Brown Butter Cornmeal Cookies with Basil-Lime Glaze

We’re all friends, right? Good. Because I need some intimate advice from you. I know I’m a review site. I know that you come to me, like slightly tubby older men seeking discipline from a ravishing dominatrix or college students flocking to Jackass 3, for a little snark and a laugh at the expense of cookies or soda. Does my posting recipes make you want to punch me in the face? Do you die a little when I wax about my many forms of enchiladas or inwardly cry when you see another angled, bokeh-infused photo of a cake? Discuss, please.
Well, even if you do hate it, I sure don’t. And these cookies should win you over for sure. They’re crumbly, they’re soft, they’re chewy and salty and crispy from the cornmeal like the more sophisticated older sister of Momofuku’s corn cookie. If I loved you enough, I would send each and every one of you a batch of these. But even if I don’t, you can still make them at home!
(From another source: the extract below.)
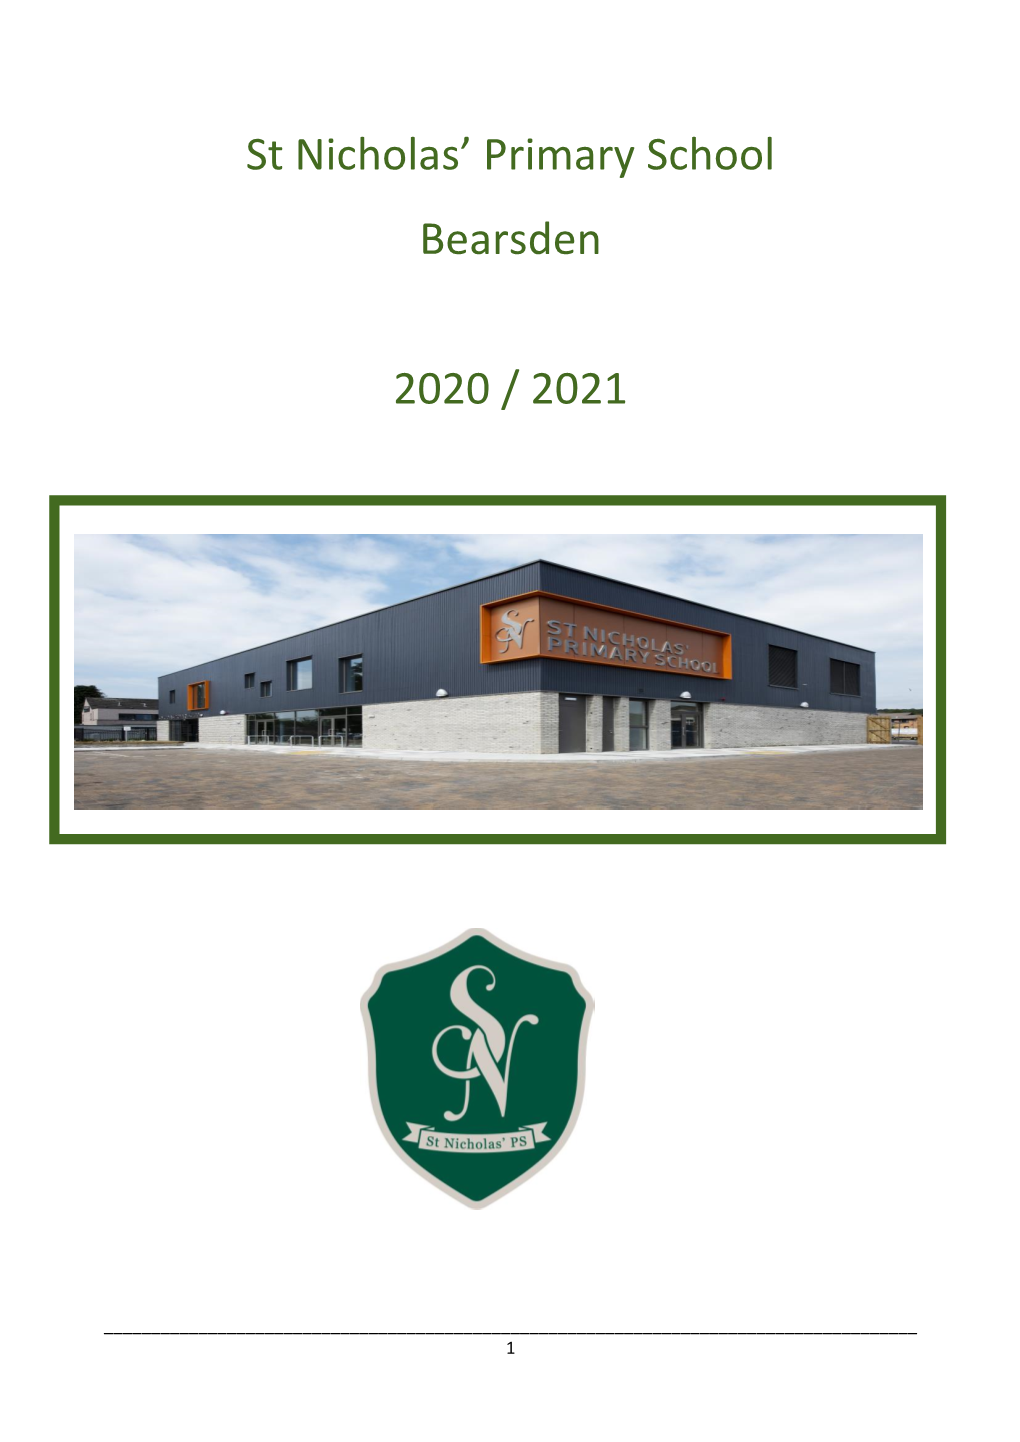 St Nicholas' Primary School Bearsden 2020 / 2021

This is one of the first baking recipes I’ve just winged and made from scratch and I’m really pleased with the results.
Brown Butter Cornmeal Cookies with Basil Lime Glaze
Ingredients (makes about 24 cookies)
1 cup of unsalted butter
1/3 cup white sugar
1 cup brown sugar
2 eggs
2 tablespoons of vanilla bean paste or vanilla extract
1 cup of flour
2 cups of coarse yellow cornmeal
1 1/2 teaspoons of baking soda
1 teaspoon of sea salt
1 1/2 cups of powdered sugar
1/2 cup of whole milk plus two tablespoons
3 tablespoons of lime zest
2 tablespoons of lime juice
3 tablespoons of minced basil
1. Preheat oven to 350. In a large saucepan, melt and cook the butter on medium-high until the milk solids have cooked and browned at the bottom. When the butter is fragrant and an amber brown color, take it off the heat. Let it cool for about 30 minutes to a few hours or until it’s at room temperature and soft.
2. Cream with the sugars and add eggs and vanilla. Stir vigorously and add dry ingredients. Chill for 30 minutes or until solid to the touch and bake in oven for 12-15 minutes. When the cookies are puffy and slightly brown on top, they’re ready.
3. Combine glaze ingredients in a bowl and mix until smooth. Drizzle over cookies and garnish with extra basil if desired.
Come on, you couldn’t hate these if you tried.

One thought on “Brown Butter Cornmeal Cookies with Basil-Lime Glaze”

  1. I love the recipes!! How could anyone be annoyed by enchiladas? I almost called myself an enchilada whore just now but realized it’s just because I’m dying to use the word whore more often and it’s surprisingly difficult to fit casually into every day language. Anyway, your reviews are great but I think your blog is even better with the recipes.